DATASET EXTRACT
┌──

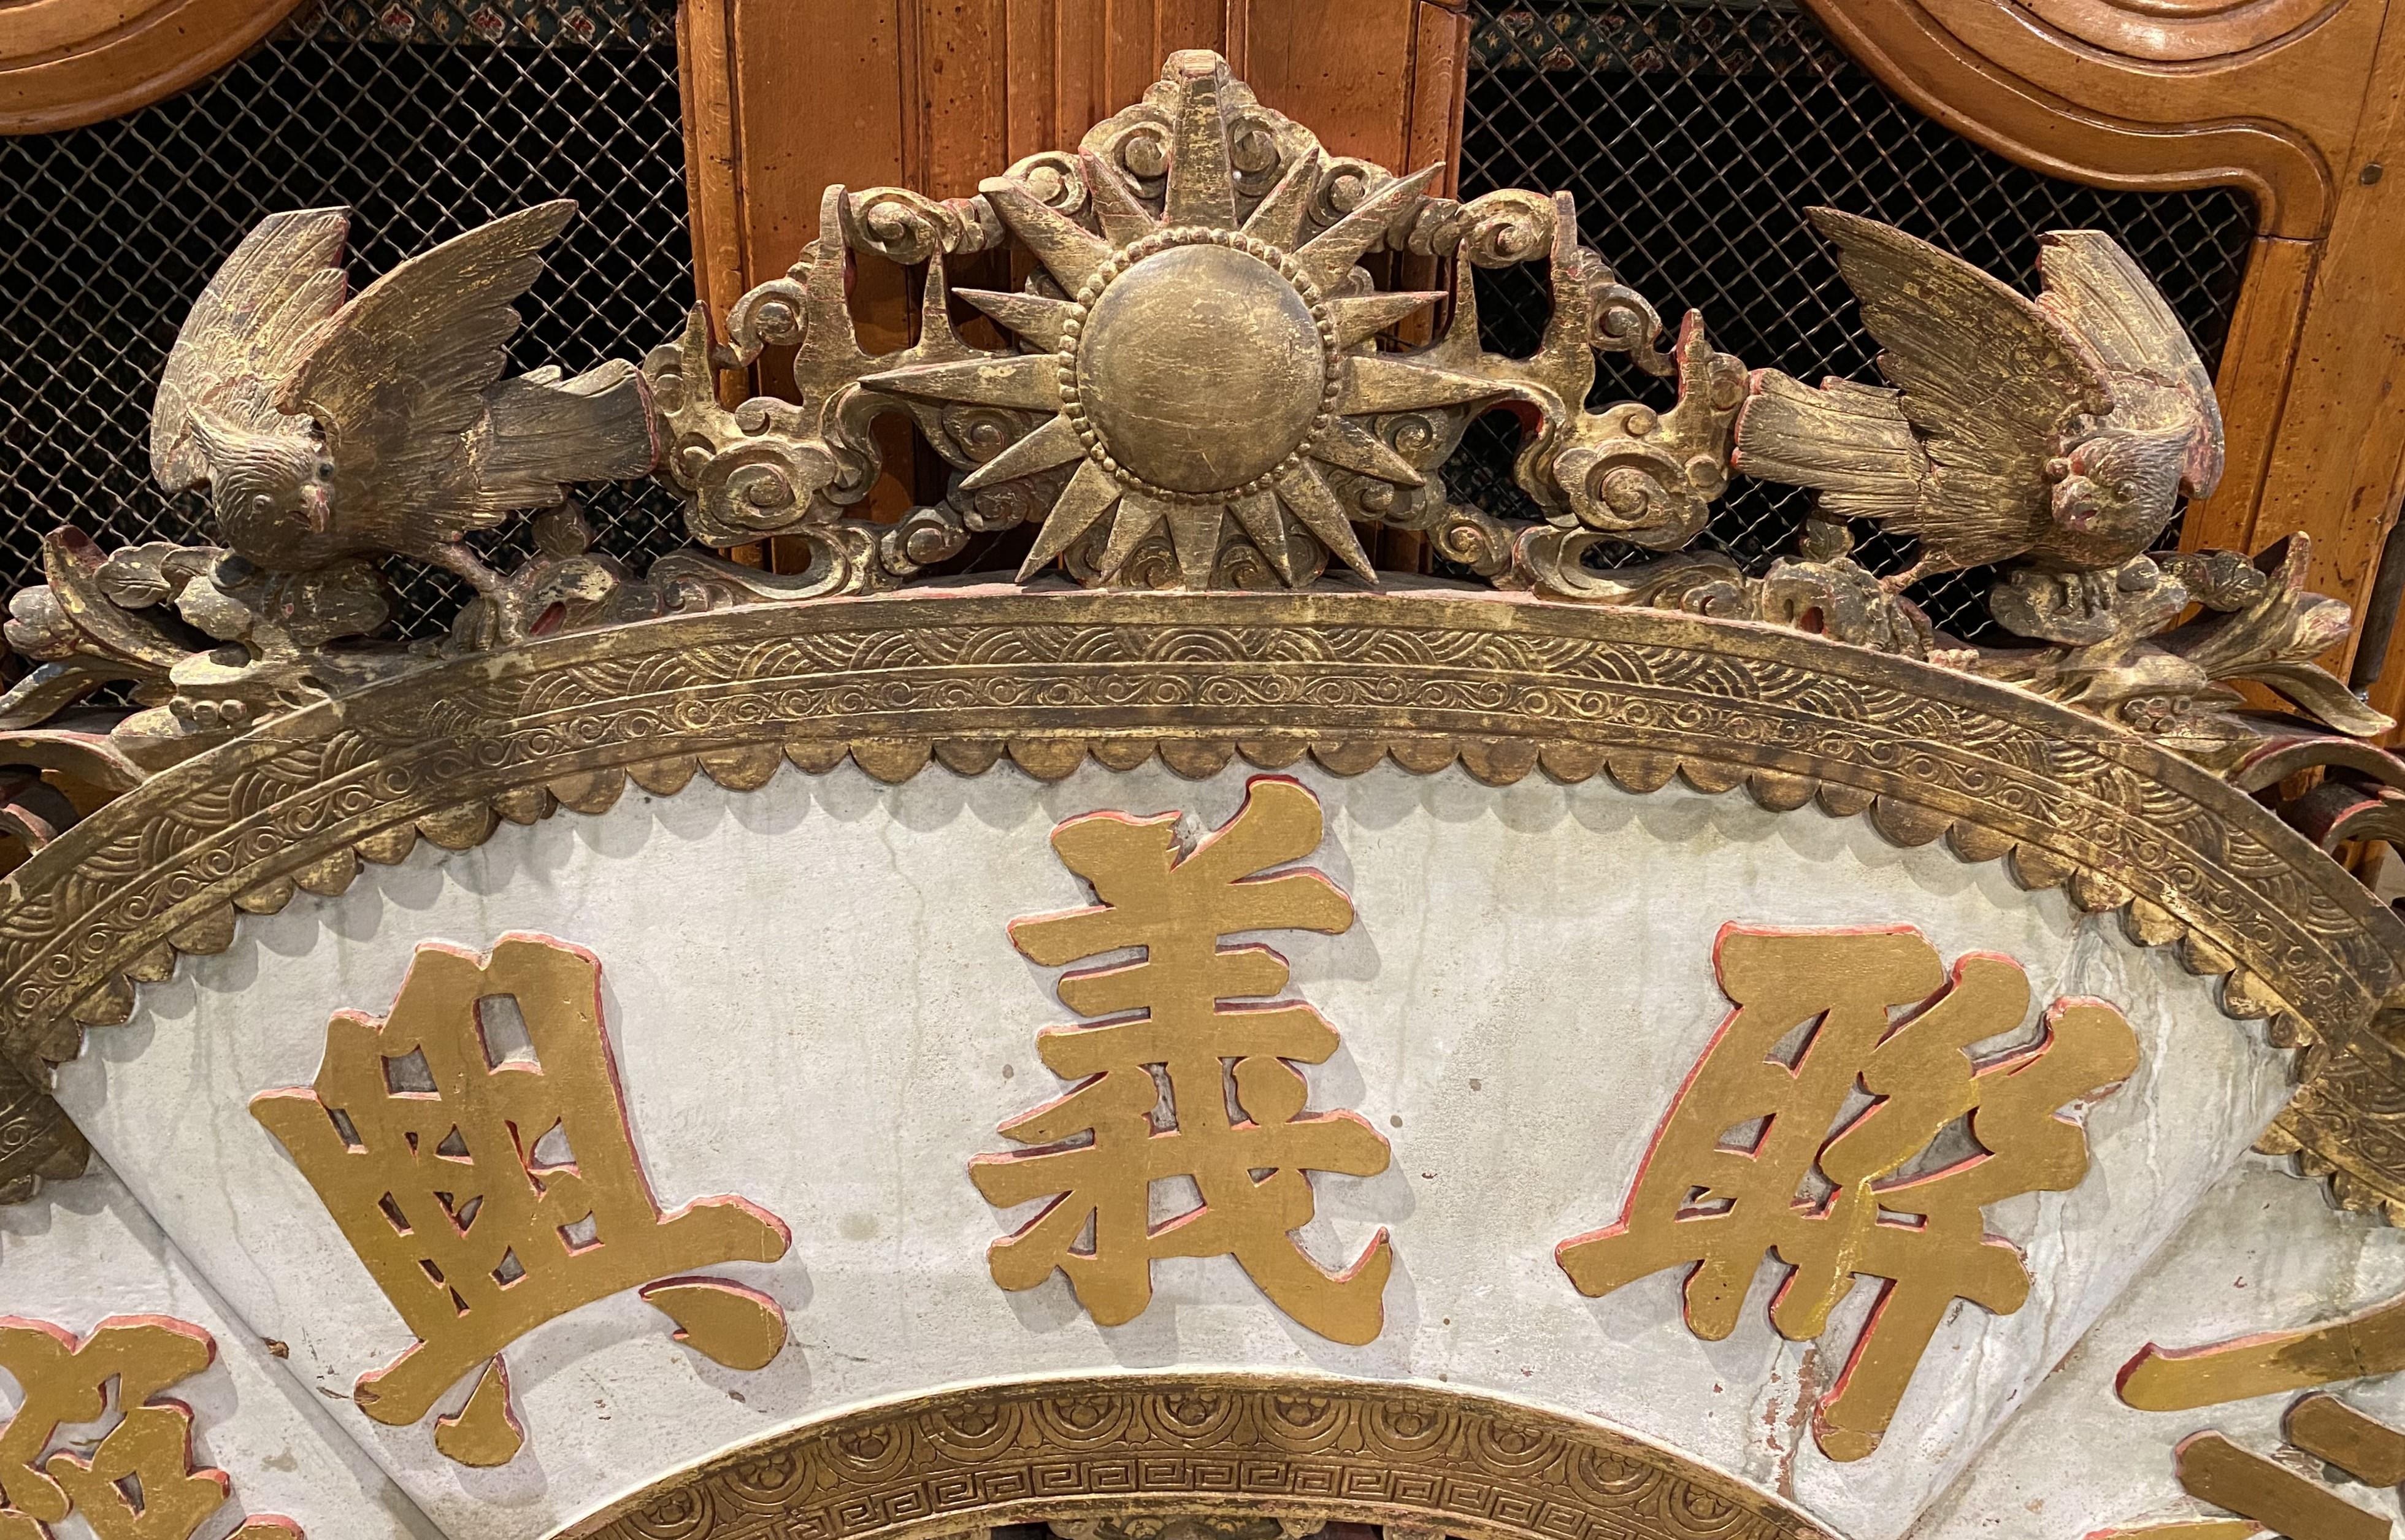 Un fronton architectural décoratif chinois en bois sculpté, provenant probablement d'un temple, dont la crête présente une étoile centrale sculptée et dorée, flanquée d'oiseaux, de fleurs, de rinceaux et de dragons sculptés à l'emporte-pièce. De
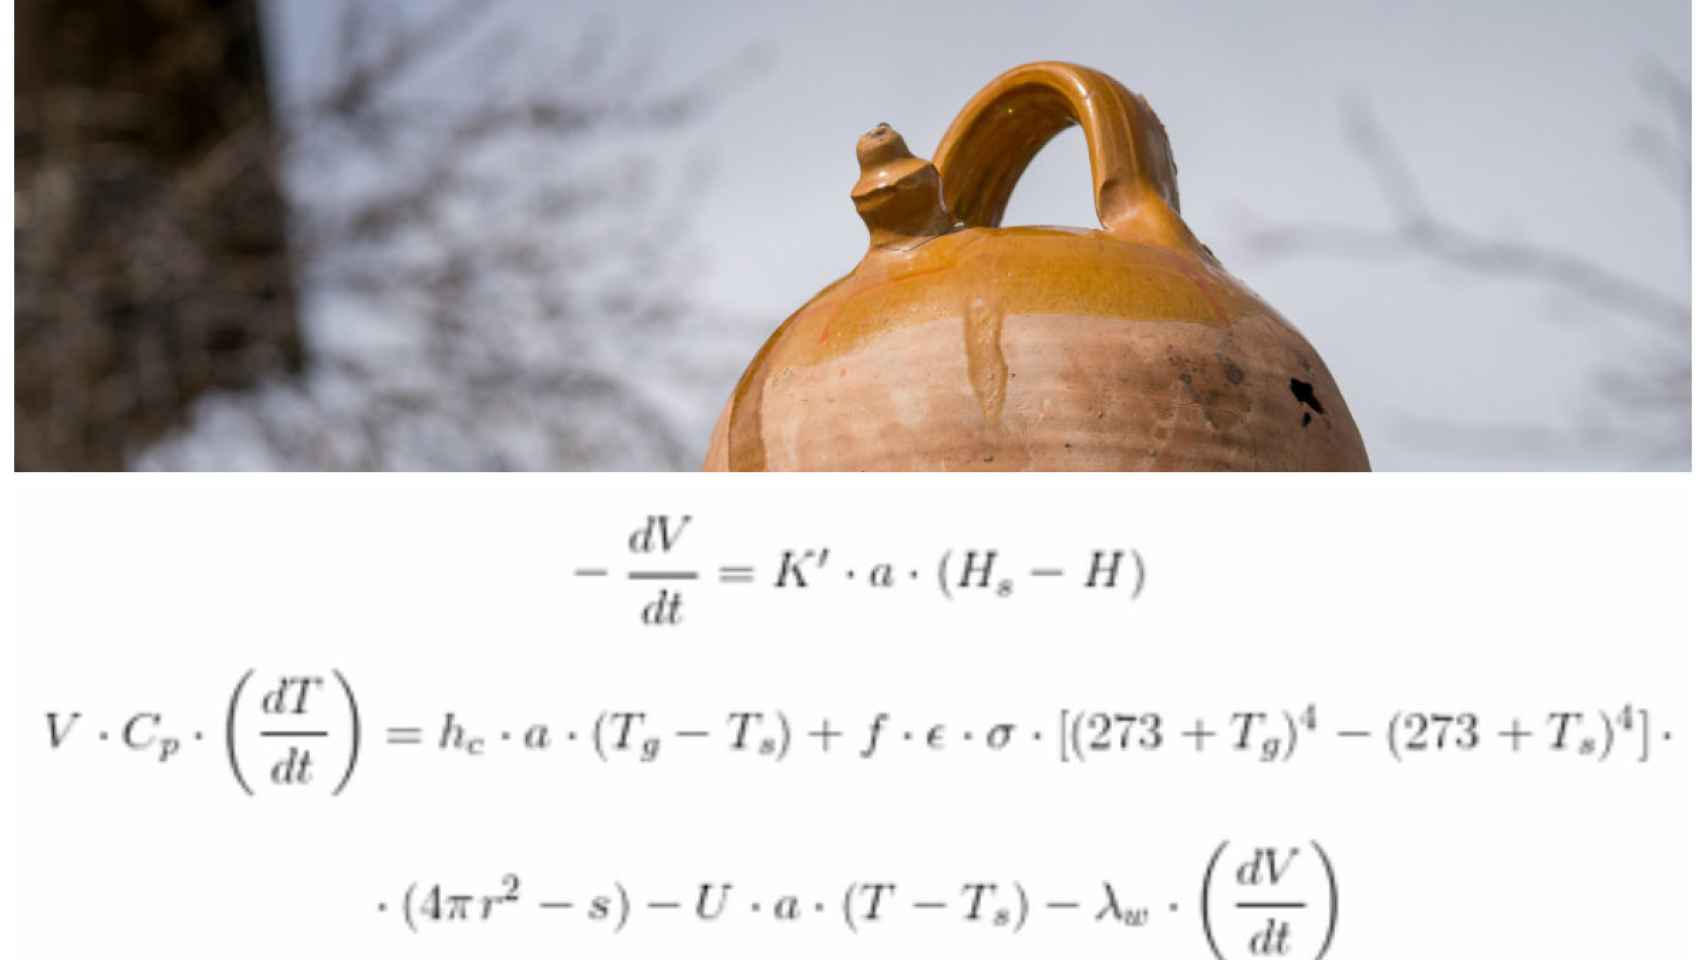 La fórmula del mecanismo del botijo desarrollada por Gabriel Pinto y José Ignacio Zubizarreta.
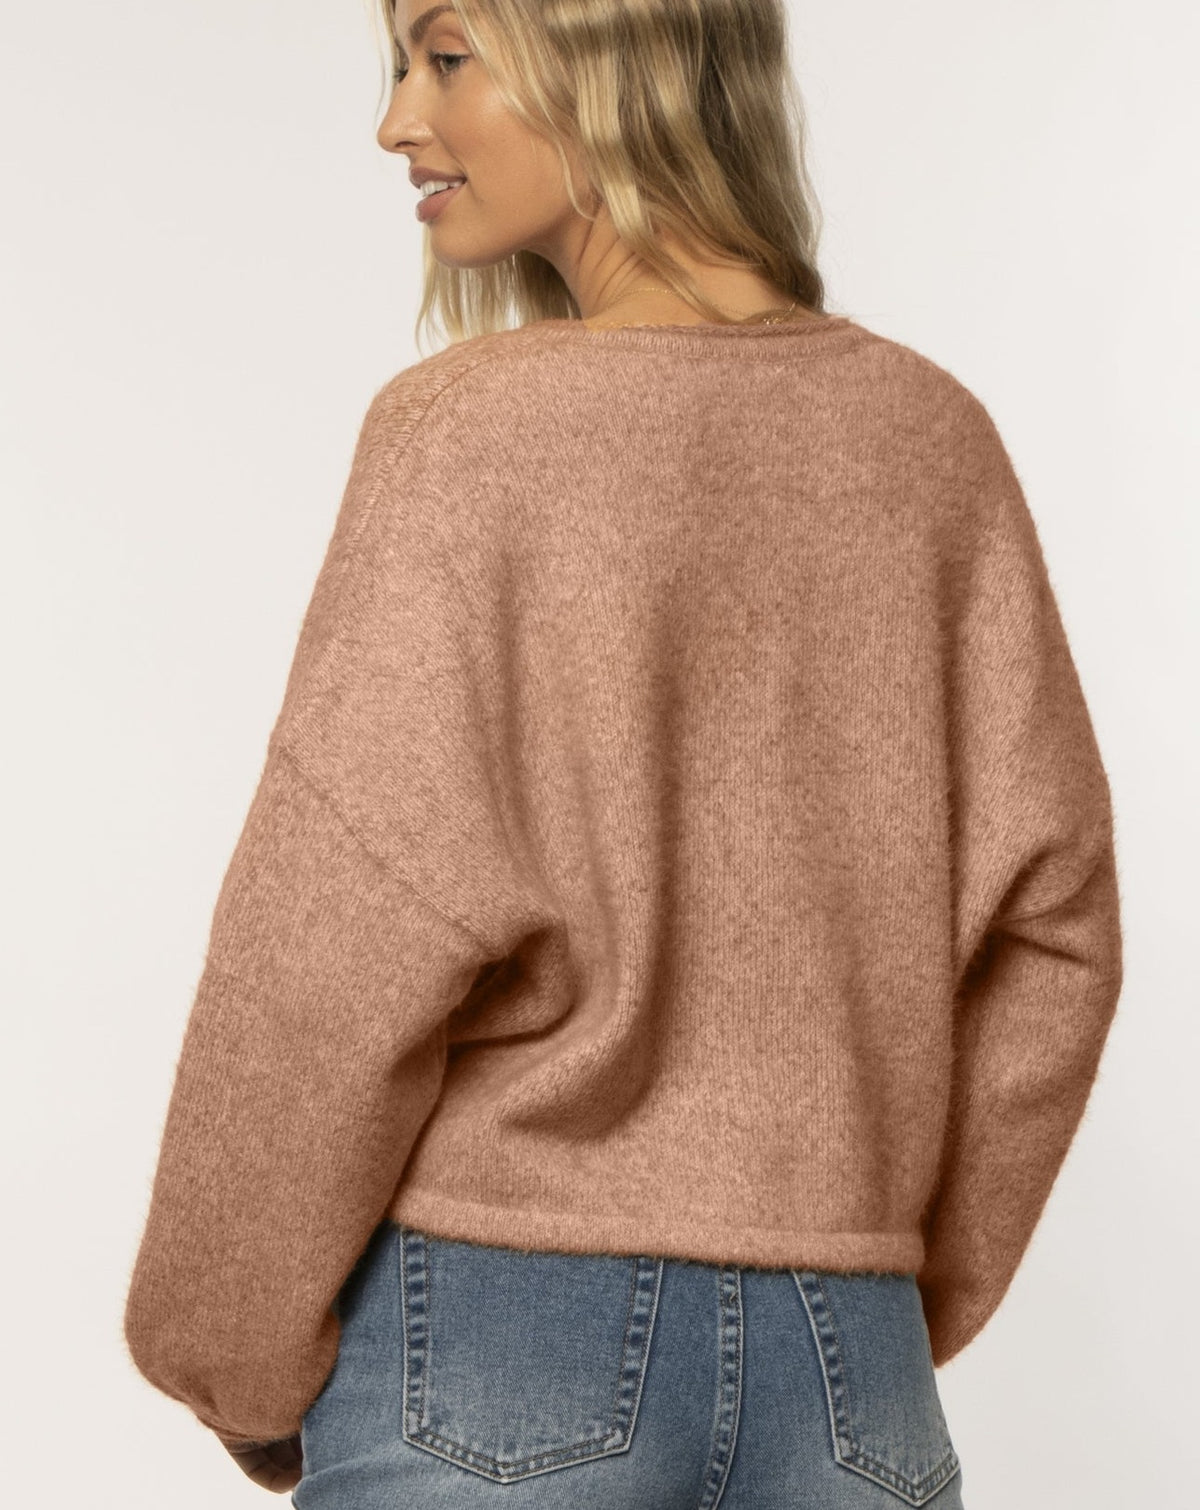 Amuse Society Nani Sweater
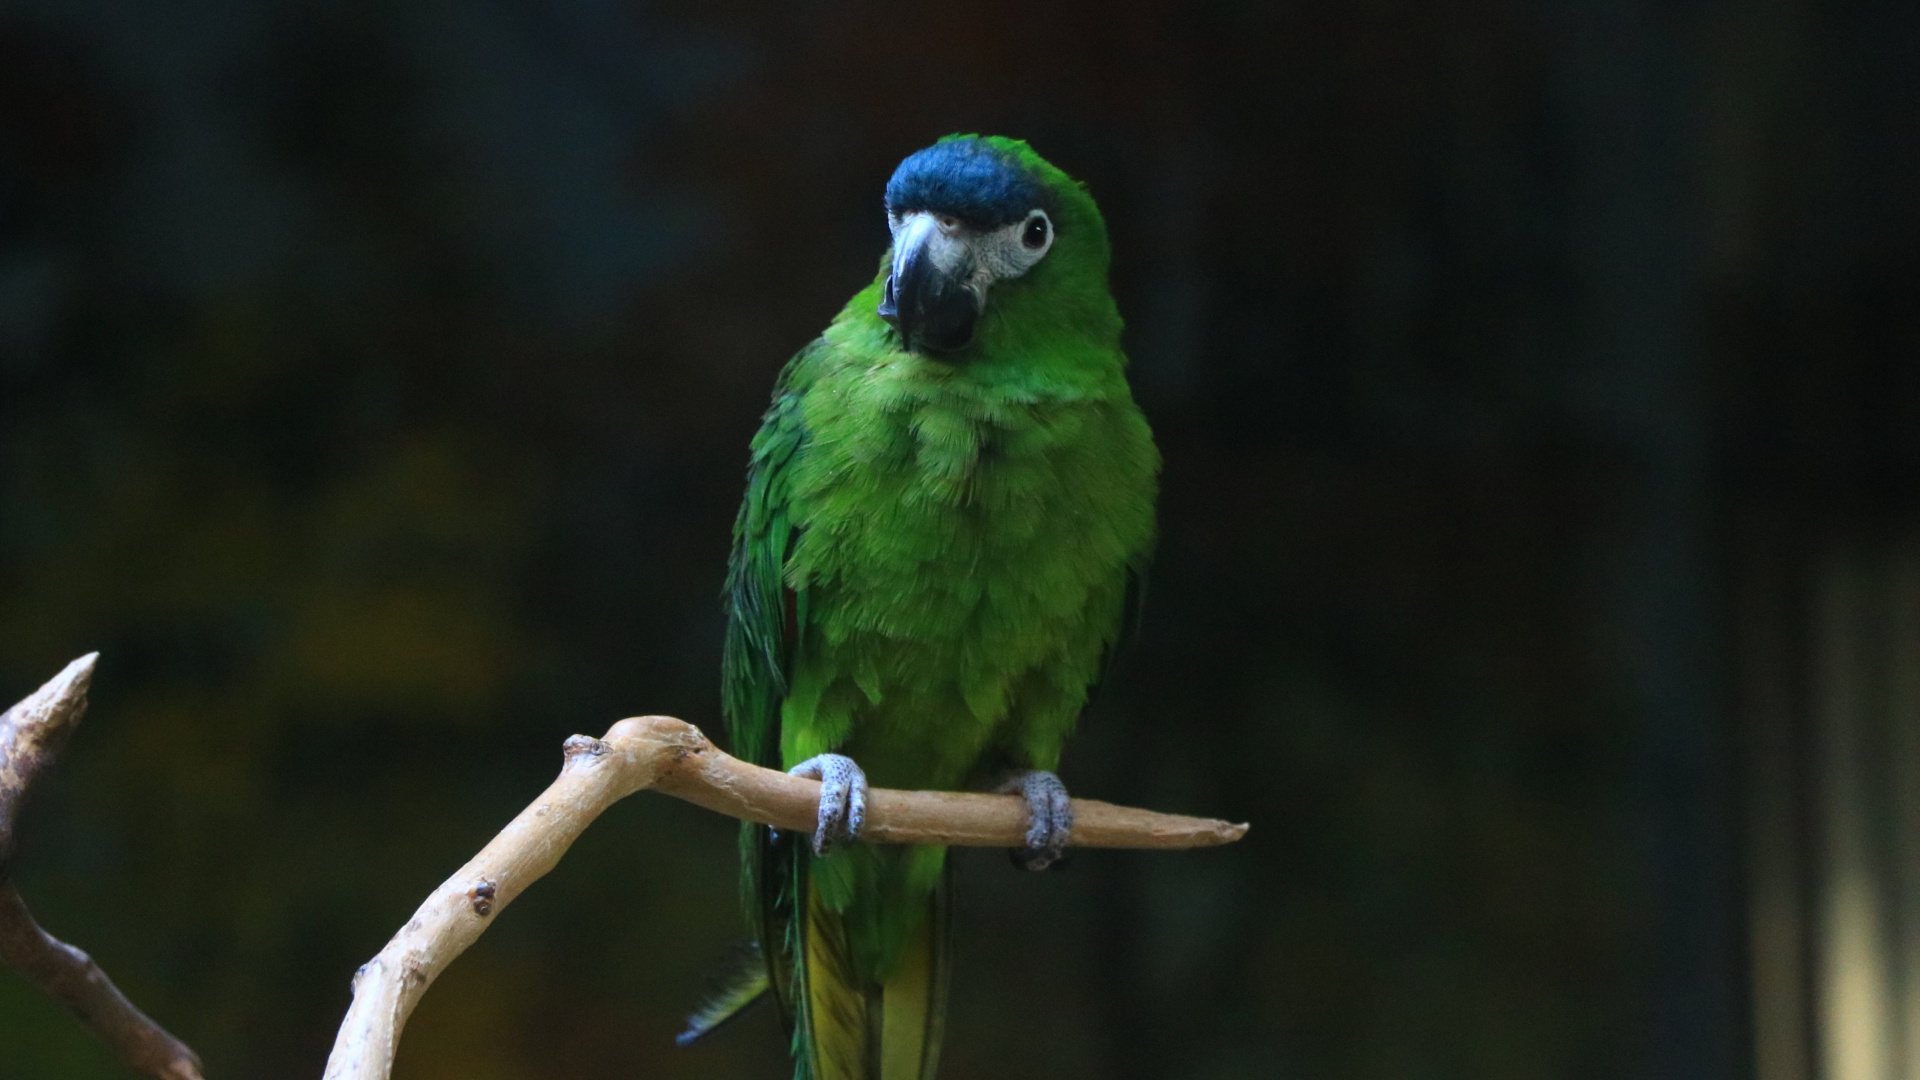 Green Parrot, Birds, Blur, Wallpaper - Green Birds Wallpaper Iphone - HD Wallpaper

└──

Output the listing unchanged, pictures excluded.

SOLUTION
 Un fronton architectural décoratif chinois en bois sculpté, provenant probablement d'un temple, dont la crête présente une étoile centrale sculptée et dorée, flanquée d'oiseaux, de fleurs, de rinceaux et de dragons sculptés à l'emporte-pièce. De
 La fórmula del mecanismo del botijo desarrollada por Gabriel Pinto y José Ignacio Zubizarreta.
 Amuse Society Nani Sweater
 Green Parrot, Birds, Blur, Wallpaper - Green Birds Wallpaper Iphone - HD Wallpaper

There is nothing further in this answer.